◆ Collected material
■ ■ ■

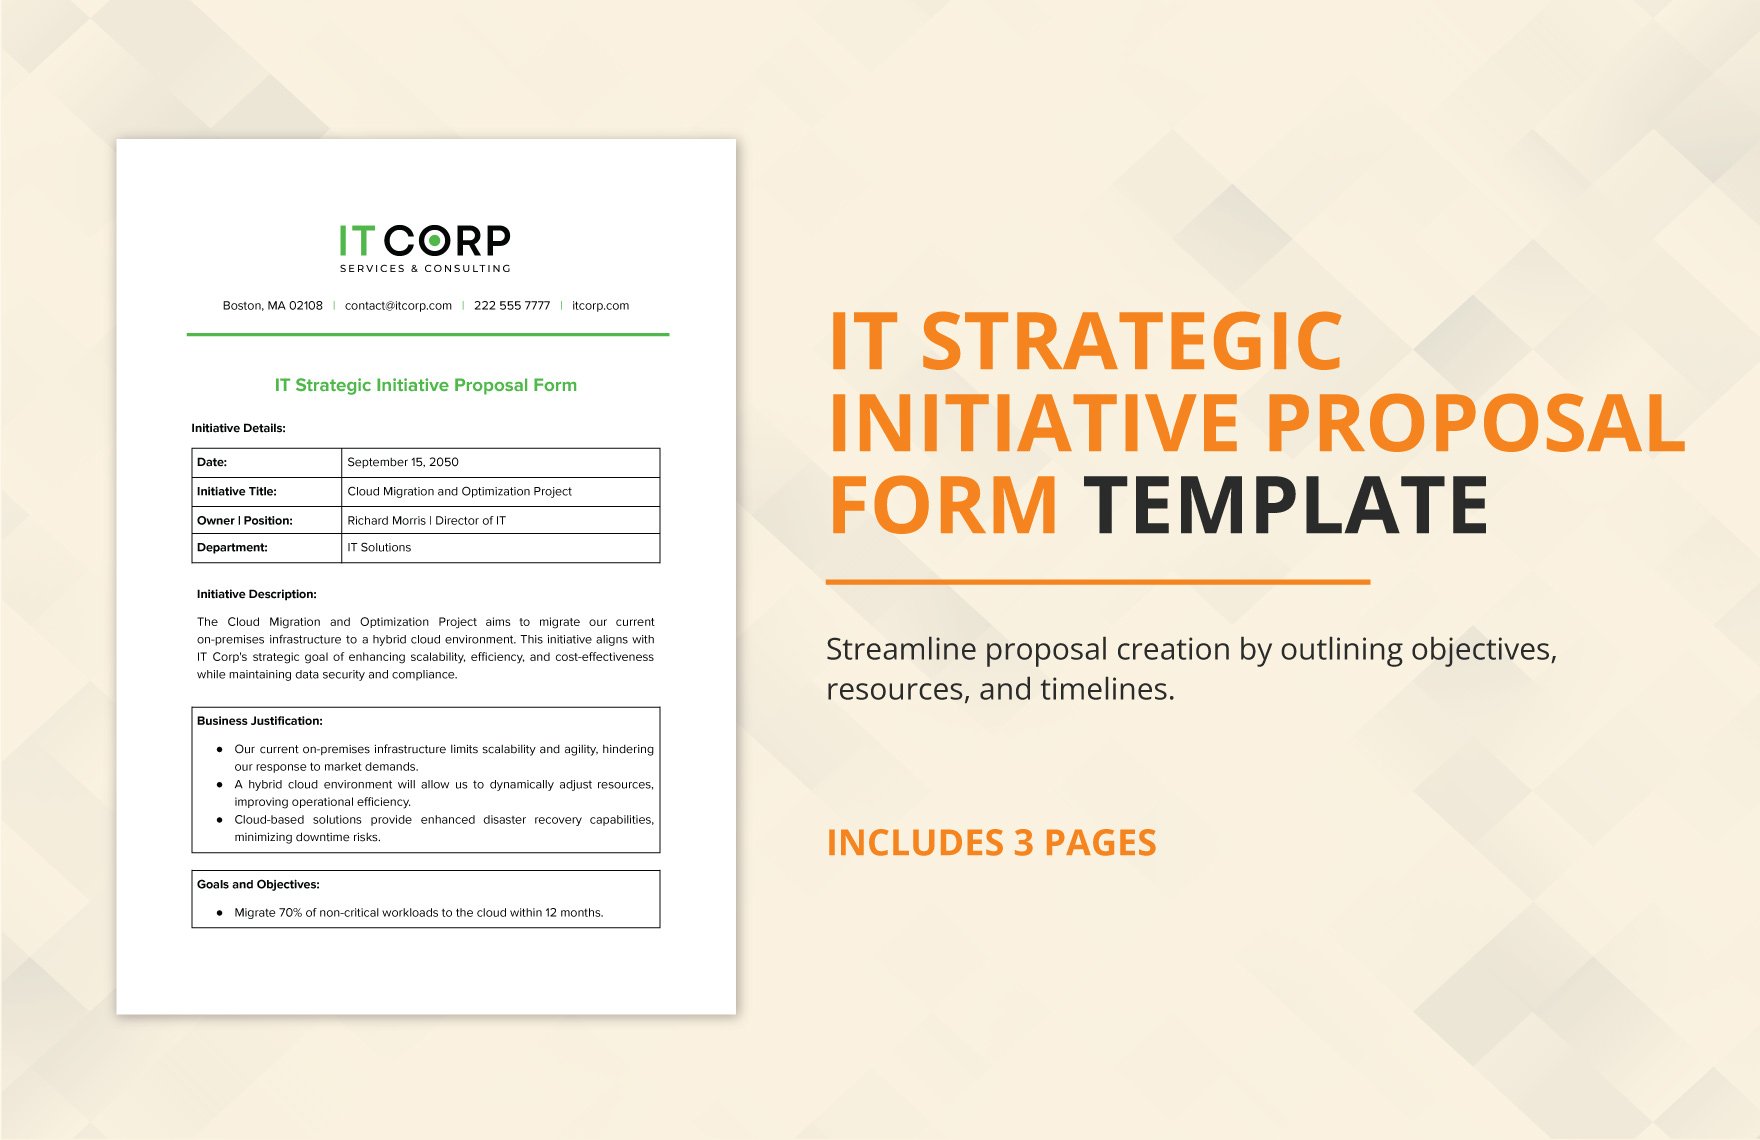 IT Strategic Initiative Proposal Form Template in Word, Google Docs, PDF
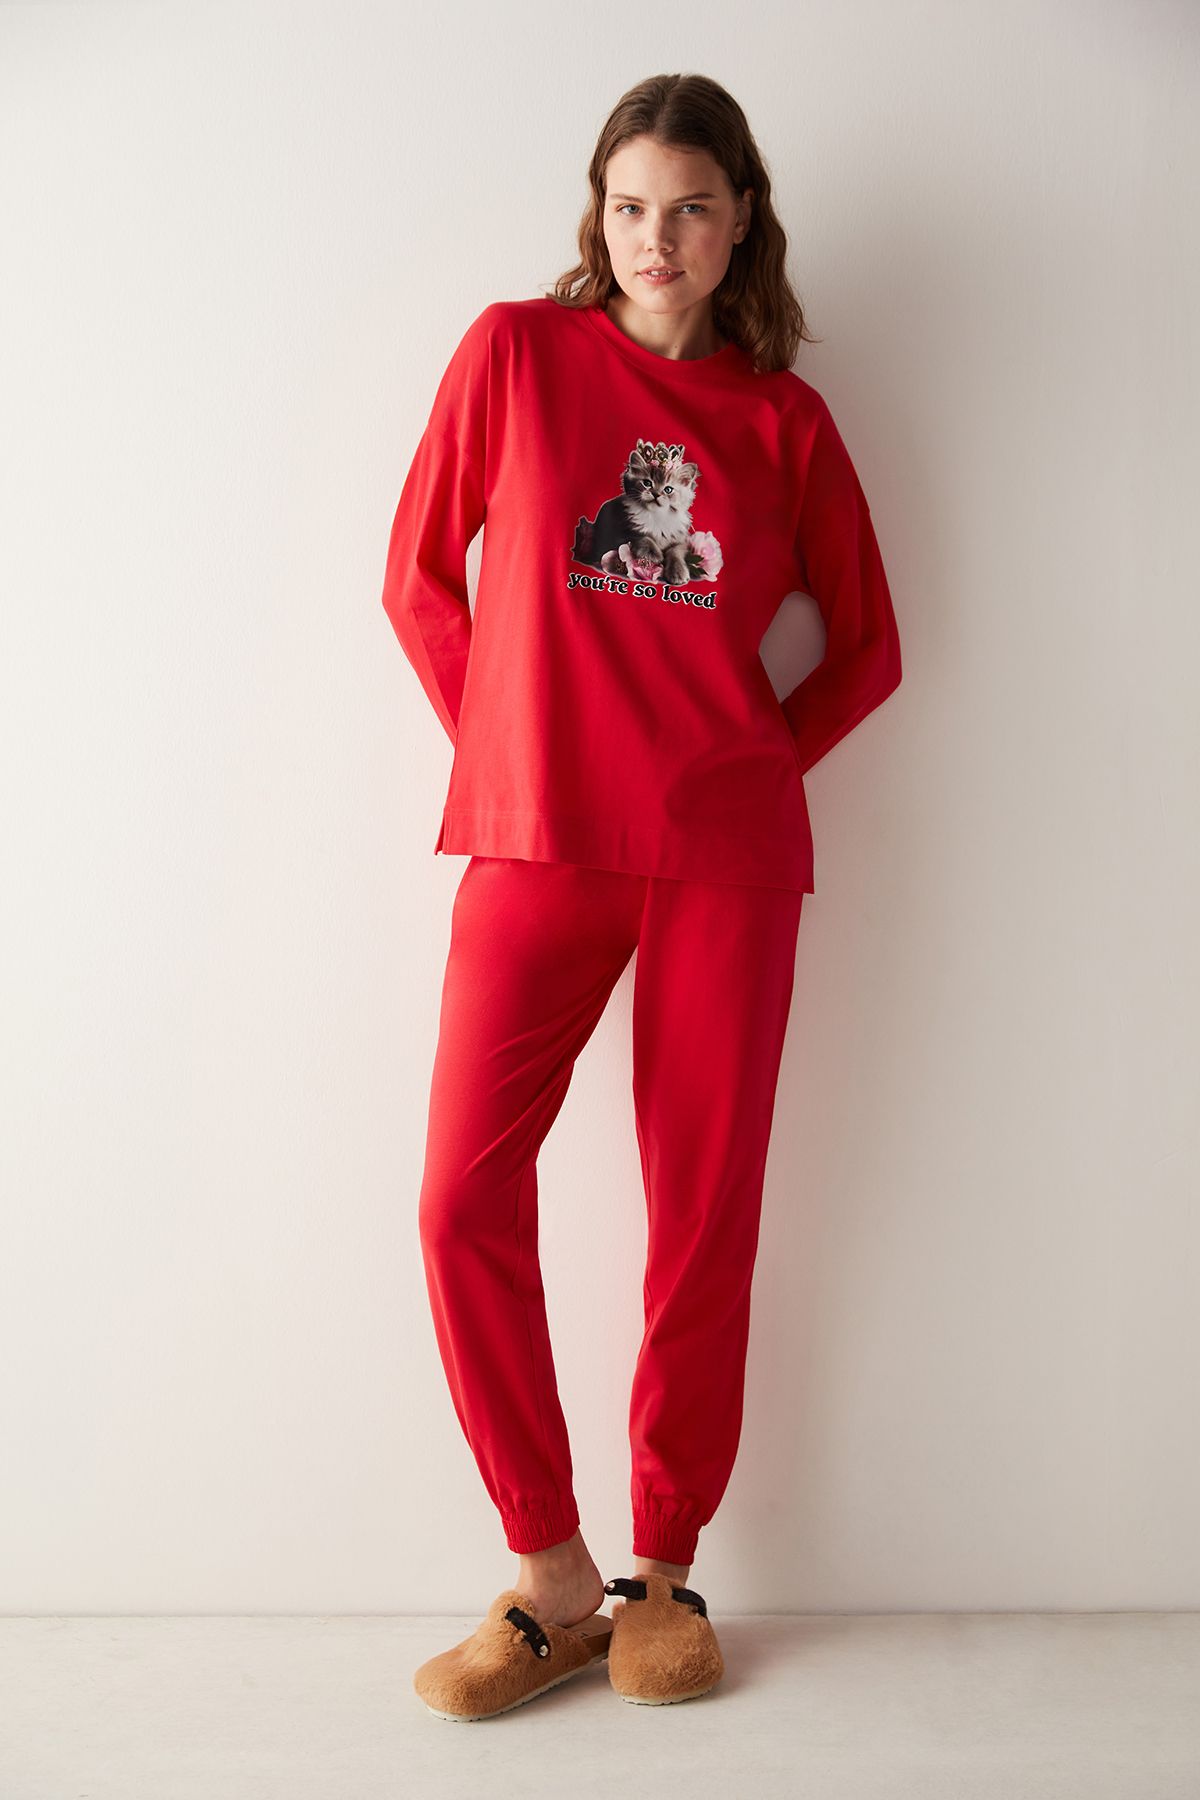 Penti Love Kırmızı Pantolon Pijama Takımı
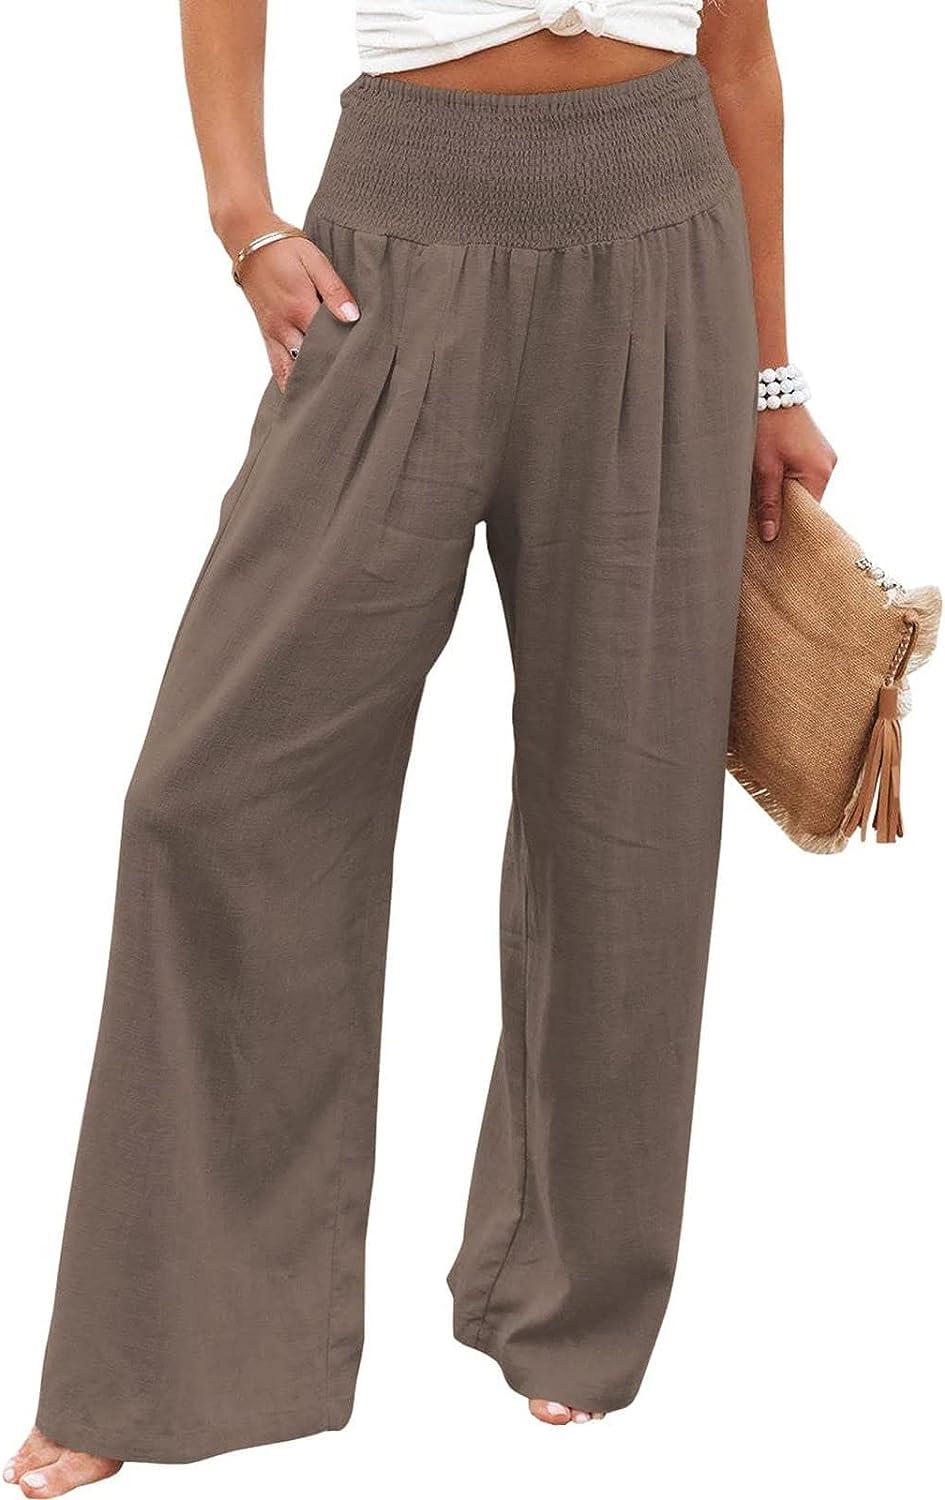 Women High Waist Cotton Linen Trousers Ladies Baggy Wide Leg Bottom Pants  S-3XL

■ ■ ■

Repeat all the data as it stands, dropping any images it holds.

◆ Your response
 IT Strategic Initiative Proposal Form Template in Word, Google Docs, PDF
 Penti Love Kırmızı Pantolon Pijama Takımı
 Women High Waist Cotton Linen Trousers Ladies Baggy Wide Leg Bottom Pants  S-3XL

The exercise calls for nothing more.